Неясно, что это значило, но, кажется, она была согласна с Капой.
- Зачем вы ее-то обвиняете? - сказала Ольга Ивановна. - Она больной человек, ее привезли, и все.
- Больной-то больной, а все ж понимать надо, - сказала Панька.
Я купила кое-каких гостинцев - яблоки, шоколад, печенье - и постучалась к Громовым.
- Войдите, - сказал Вадим.
Анфиса Максимовна лежала в широкой, нарядно убранной постели. Казалось, женские руки готовили эту постель. Строченый пододеяльник, пышные, высоко взбитые подушки, нарядное, атласное одеяло. На подушках - бледное, худое лицо, до странности измененное ежиком седых волос. Анфиса, всегда такая женственная, в этом виде была похожа на старика. В глубине лица словно плавали ставшие огромными серые глаза. Она меня узнала, оживилась, заговорила горячо и быстро:
- Кара-ти-ти-кара! Ти-ти-кара-кара-кара. Кара-ти-ти-кара!
В этом потоке звуков были какая-то безумная выразительность, беглость, ритм.
- Содержательная речь, - сказал Вадим. Он сидел у стола полуспиной к нам.
Анфиса Максимовна взглянула на него с негодованием ("Боже мой, она все понимает!" - подумала я) и опять заговорила теми же звуками, но в другом порядке, в другом тоне:
- Ка-ра-кара-кара-ти-ти-кара! Ти-ти-кара-кара-кара-кара!

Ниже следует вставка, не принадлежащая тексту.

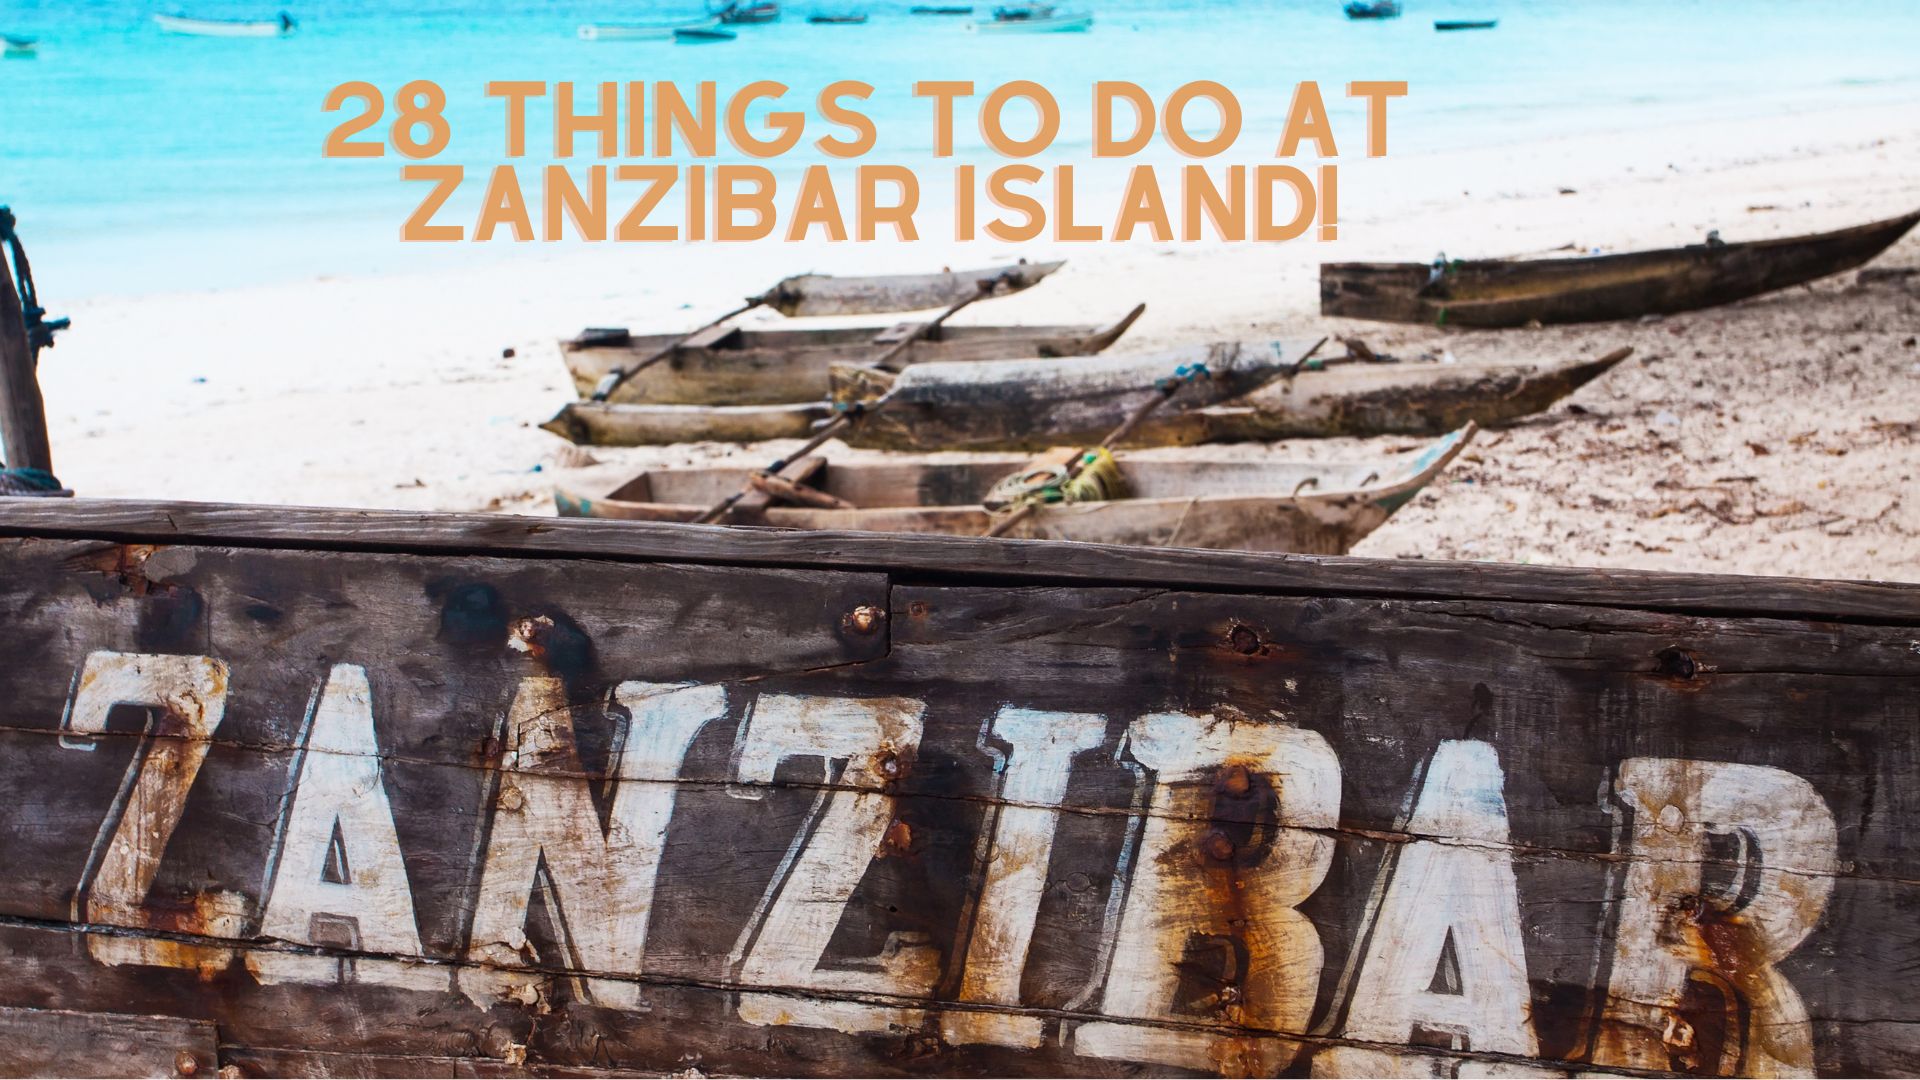 28 things to do at zanzibar island

Казалось, она говорит вполне осмысленно, но на чужом языке... Я положила гостинцы на стул у кровати (он был щегольски застлан белой салфеткой). Она закивала мне и опять заговорила по-своему. На этот раз все было понятно - она благодарила меня...
- Ну, довольно, - сказал Вадим и подошел к постели. - Посмотрели, и хватит. Нам пора спать. Правда, мама?
Он погладил ее по седой щетинистой голове. Она умоляюще, нежно и косо взглянула на него снизу вверх.
Я ушла.
Шли дни, недели, месяцы. Состояние Анфисы Максимовны было все то же. Вадим по-прежнему за ней ухаживал. Его изводило, сбивало с ног обилие стирки. Только что все переменит, вымоет, положит чистое - опять двадцать пять.
Целыми днями он стирал и кипятил простыни. На кухне постоянно можно было видеть его мрачную фигуру, согнутую над корытом. Всякую помощь он отвергал.
- Дай постираю, мне дело привычное, - предлагала Капа.
- Не надо, - отвечал Вадим.
Белье он развешивал тут же на кухне, для чего протянул над плитой ряд рыболовных лесок, и даже грозная Панька не смела ему ничего сказать. Стряпал он тоже сам, неумело и гордо, не терпел, чтобы ему советовали. Сварив обед, шел кормить с ложечки Анфису Максимовну. Он кормил ее, как сердитая нянька опостылевшего ей ребенка;
- Ам-ам, открой рот. Открой, тебе говорят. Ам-ам, не отлынивай.
Потом кое-как обедал сам, ел остывшее, невкусное, без интереса. Мыл посуду и снова стирал.
Он втянулся в такую жизнь, он уже забыл, что бывает другая. Деньги у него пока были, заработанные на целине, а на будущее он не загадывал. Как говорил Клавочка: либо шах...
Иногда он сердился на мать, ссорился с ней - это когда ему казалось, что она косноязычит нарочно. Учил ее разговаривать:
- Ну, мать, полно лодырничать, давай заниматься. Открой рот, говори "а". Понимаешь? "А-а".
- Кара-ти-ти-кара, - отвечала Анфиса Максимовна.
- Брось ты свою титикару, - сердился Вадим. - Говори "а".
Она очень старалась, мычала, трясла головой, но ничего не выходило.